### Input data
◇ ◇ ◇ ◇ ◇ ◇ ◇
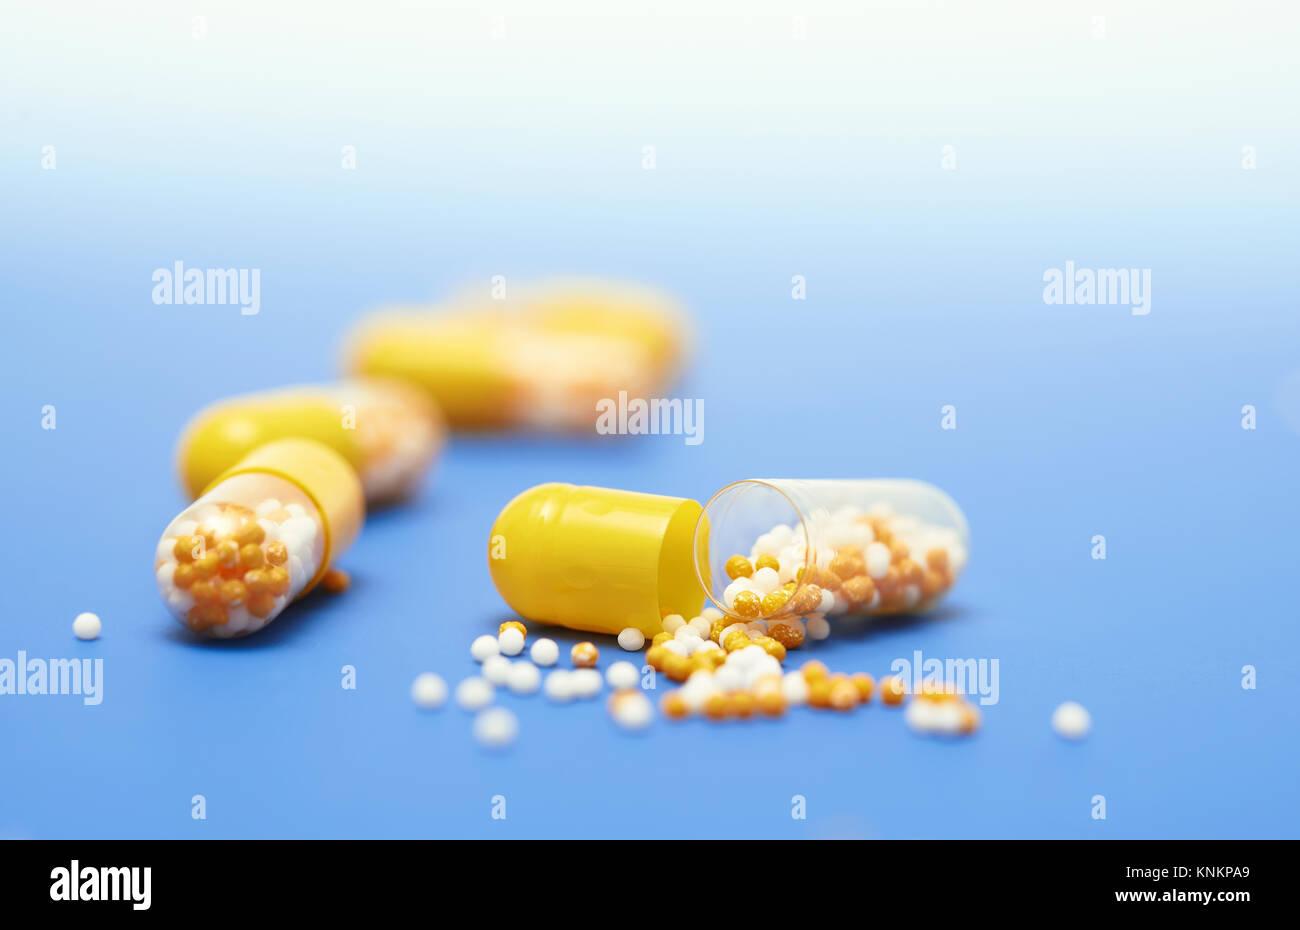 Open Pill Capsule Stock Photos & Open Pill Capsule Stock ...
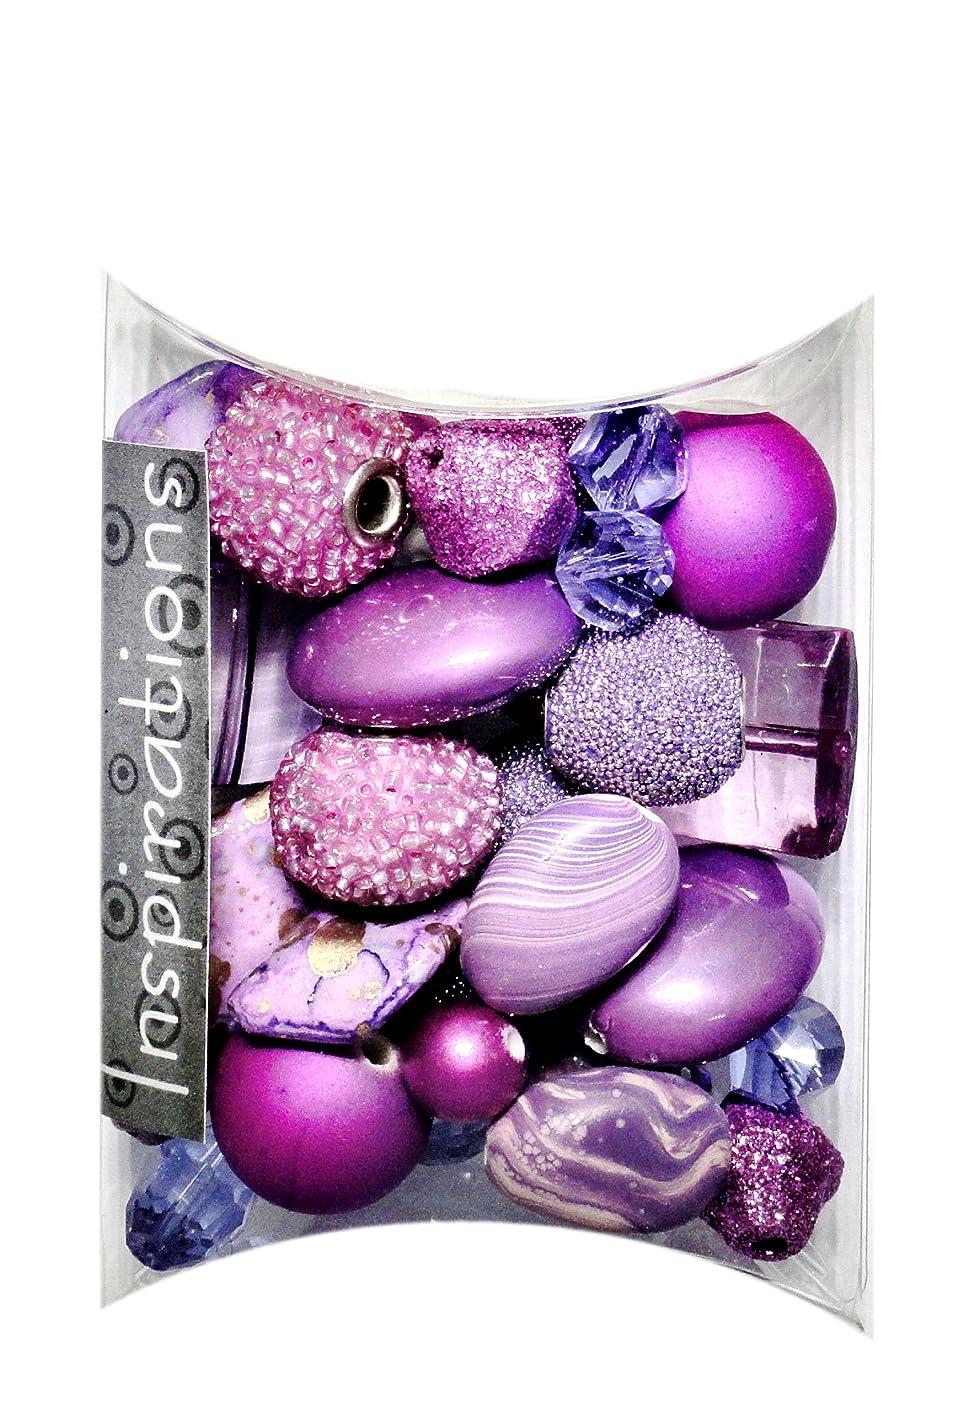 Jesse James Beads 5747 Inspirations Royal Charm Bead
◇ ◇ ◇ ◇ ◇ ◇ ◇
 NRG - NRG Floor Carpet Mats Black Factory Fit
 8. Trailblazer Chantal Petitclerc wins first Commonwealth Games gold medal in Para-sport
◇ ◇ ◇ ◇ ◇ ◇ ◇
In the listing above, find the line with "Open Pill Capsule Stock Photos" and the line with "Jesse James Beads". Copy exactly those two and every line between, without the pictures.

 Open Pill Capsule Stock Photos & Open Pill Capsule Stock ...
 Jesse James Beads 5747 Inspirations Royal Charm Bead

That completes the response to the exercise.